In the lobby of the New England Cable News studio we wait for a gubernatorial debate, which is running long, to finish. As we sit there I can almost feel the current flowing through the building: Helen Thomas has arrived, THE Helen Thomas. People passing through the lobby stop to introduce themselves and say what a hero she is to them. A communications director takes the initiave and seats us in her office.
NECN staffers are tripping over each other to make sure we have everything we need. We get more drinks then we could possibly handle. I tear through the reheated (delivery) pizza they offer. The current has grown stronger and more and more journalists pour into the office to meet the great Helen Thomas. I end up taking a few more pictures for distinguished men in expensive suits and attractive women with suspiciously perfect hair. They thank her for her role in women’s empowerment.
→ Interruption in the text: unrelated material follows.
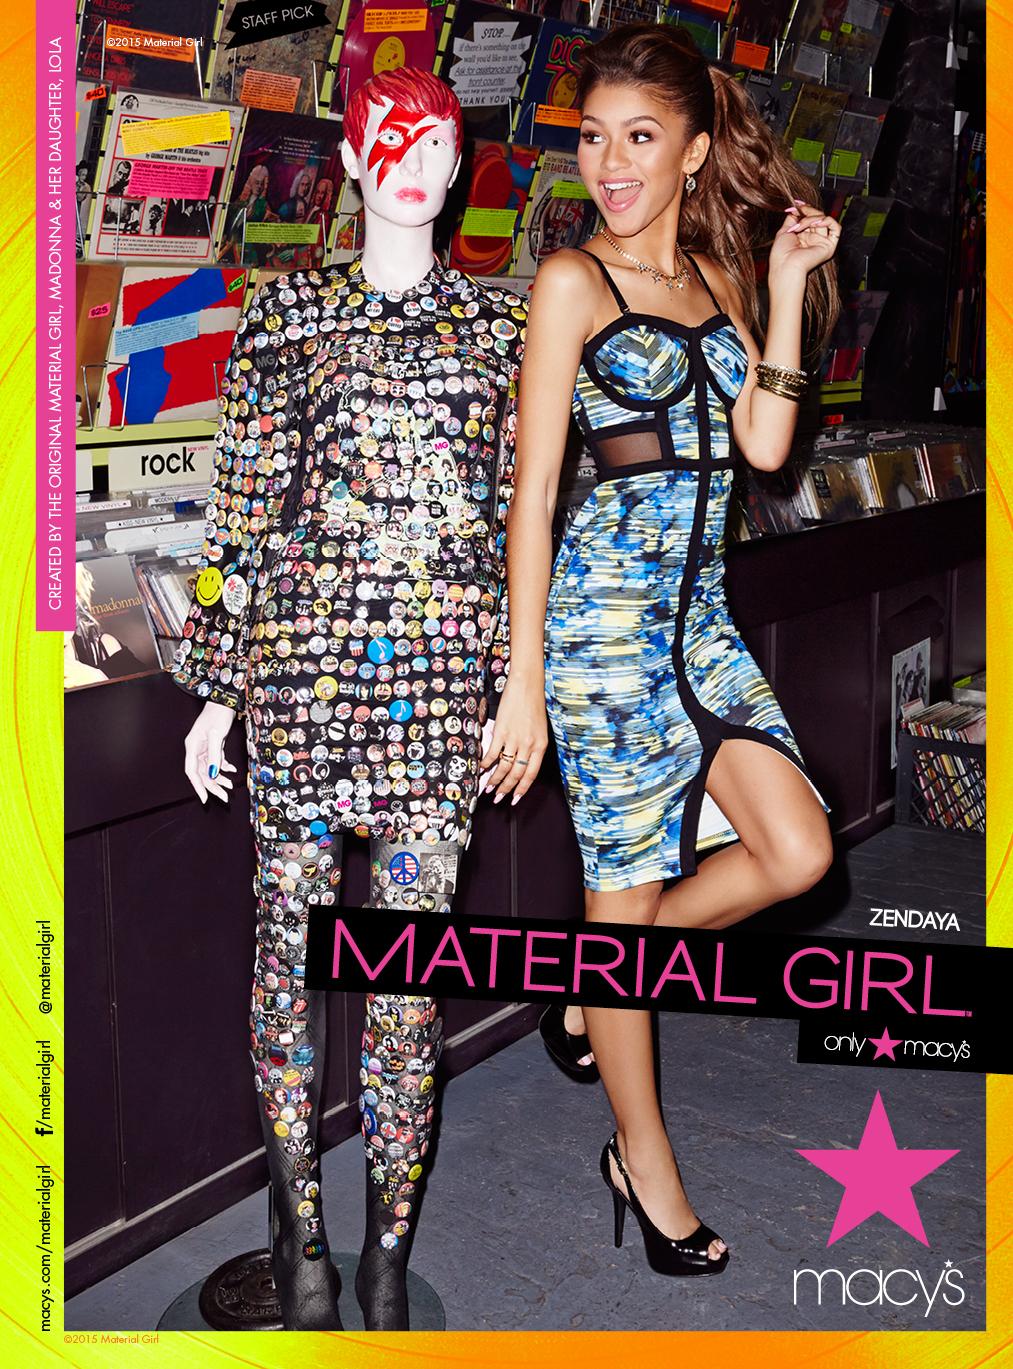 Zendaya for Material Girl.

They ask her who her favorite president is, she doesn’t hesitate before saying JFK. They ask her least favorite, she thinks for a moment and answers “This one.” “Worse than Nixon?” someone asks, a little incredulously. She stays adamant. “The Nixon administration was a microcosm of the abuse of power, but this present administration has taken it further.” She goes on to say that Nixon was checked by principled people in Congress and the courts, and hounded by an attentive press but the Bush administration has done everything to silence opposition. It has blockaded the press wherever possible. Where the press hasn’t been opposed it has rolled over for the administration, often because of corporate ownership. The journalists assemble nod in agreement, though the say NECN is largely free from corporate control.
They’re ready to start prepping Helen for her interviews, one live, one taped for the next day. We say good-bye and she heads off into the studio. I receive a tour of the newsroom and the TV set and I talk to the internship coordinator before returning to the long and lonely road to Amherst.